The alliance broke up on 15 January 1979, shortly before the 1979 general election.

==History==
The alliance had its roots in a proposal made in December 1976 by Joan Reventós, secretary-general of the Socialist Party of Catalonia–Congress (PSC–C), for a broad "Catalan agreement" (entesa catalana) of Catalanist parties to ensure a strong Catalan presence in the first democratically elected parliament and centered around three common points: political amnesty for those prosecuted during Francoism, repealing of the 1938 decree declaring the invalidity of the 1932 Catalan Statute of Autonomy and the restoration of the Generalitat de Catalunya. Taking into account the different electoral systems planned for the two chambers of parliament, this "entesa" provided that all involved parties would be forming joint lists for the election to the Spanish Senate, whereas for the Congress of Deputies they could run independently but incorporating these common points in their electoral programmes. On 16 January 1977, the PSC–C signed a manifesto formalizing his position in favour of an "agreement of the Catalans" in defense of the Statute and the Generalitat ahead of the upcoming Spanish legislative election, which throughout the following weeks it would offer to opposition parties in Catalonia interested in forming such alliance.
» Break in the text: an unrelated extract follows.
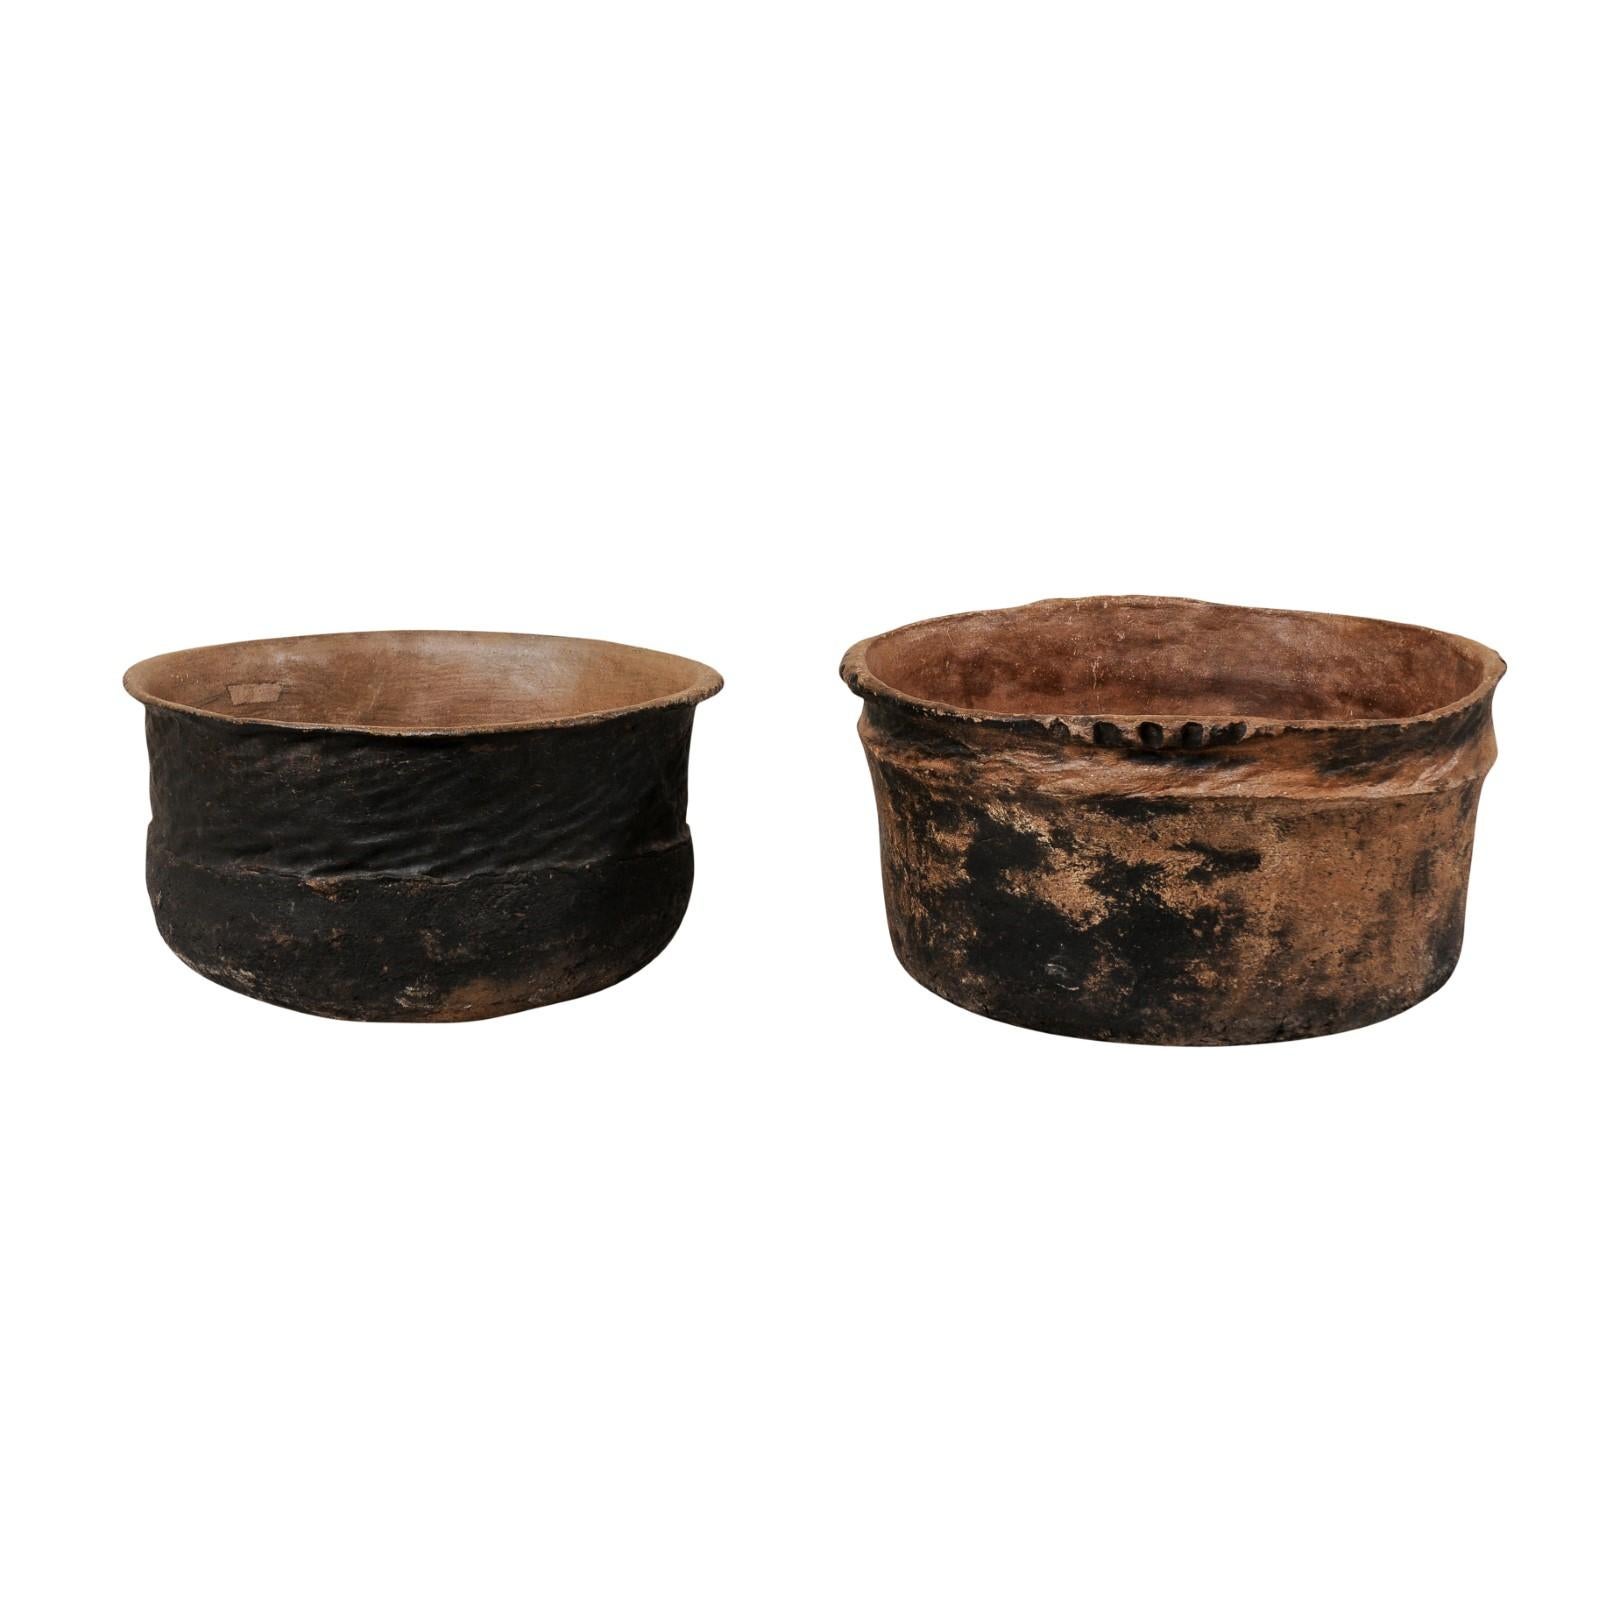 Pair of Guatemalan Clay Cooking Pots from the Early 20th Century

In a meeting held on 7 March, Catalan politicians from parties of the entire political spectrum—including the PSC–C, Republican Left of Catalonia (ERC), the Unified Socialist Party of Catalonia (PSUC), the Socialist Party of Catalonia–Regrouping (PSC–R), the People's Party of Catalonia (PPC), Catalan Federation of the PSOE, Democratic Union of Catalonia (UDC) and Democratic Convergence of Catalonia (CDC)—expressed their interest on the prospects of a joint Catalan candidacy for the Senate. By April 1977, negotiations were ongoing for a broad Senate alliance comprising all parties of the Catalan democratic opposition, but they stagnated over the inclusion of PSUC candidates in the lists as well as because of strategical differences between the various parties. With the unitary list being ultimately discarded, on 3 May the Democracy and Catalonia alliance was registered by CDC, UDC, the PSC–R, as well as the Democratic Left of Catalonia (EDC), the National Front of Catalonia (FNC) and the Catalan Centre (CC), with the parties from the Catalan left-of-centre spectrum planning an alternative candidacy modeled after the coalitions signed for the Congress.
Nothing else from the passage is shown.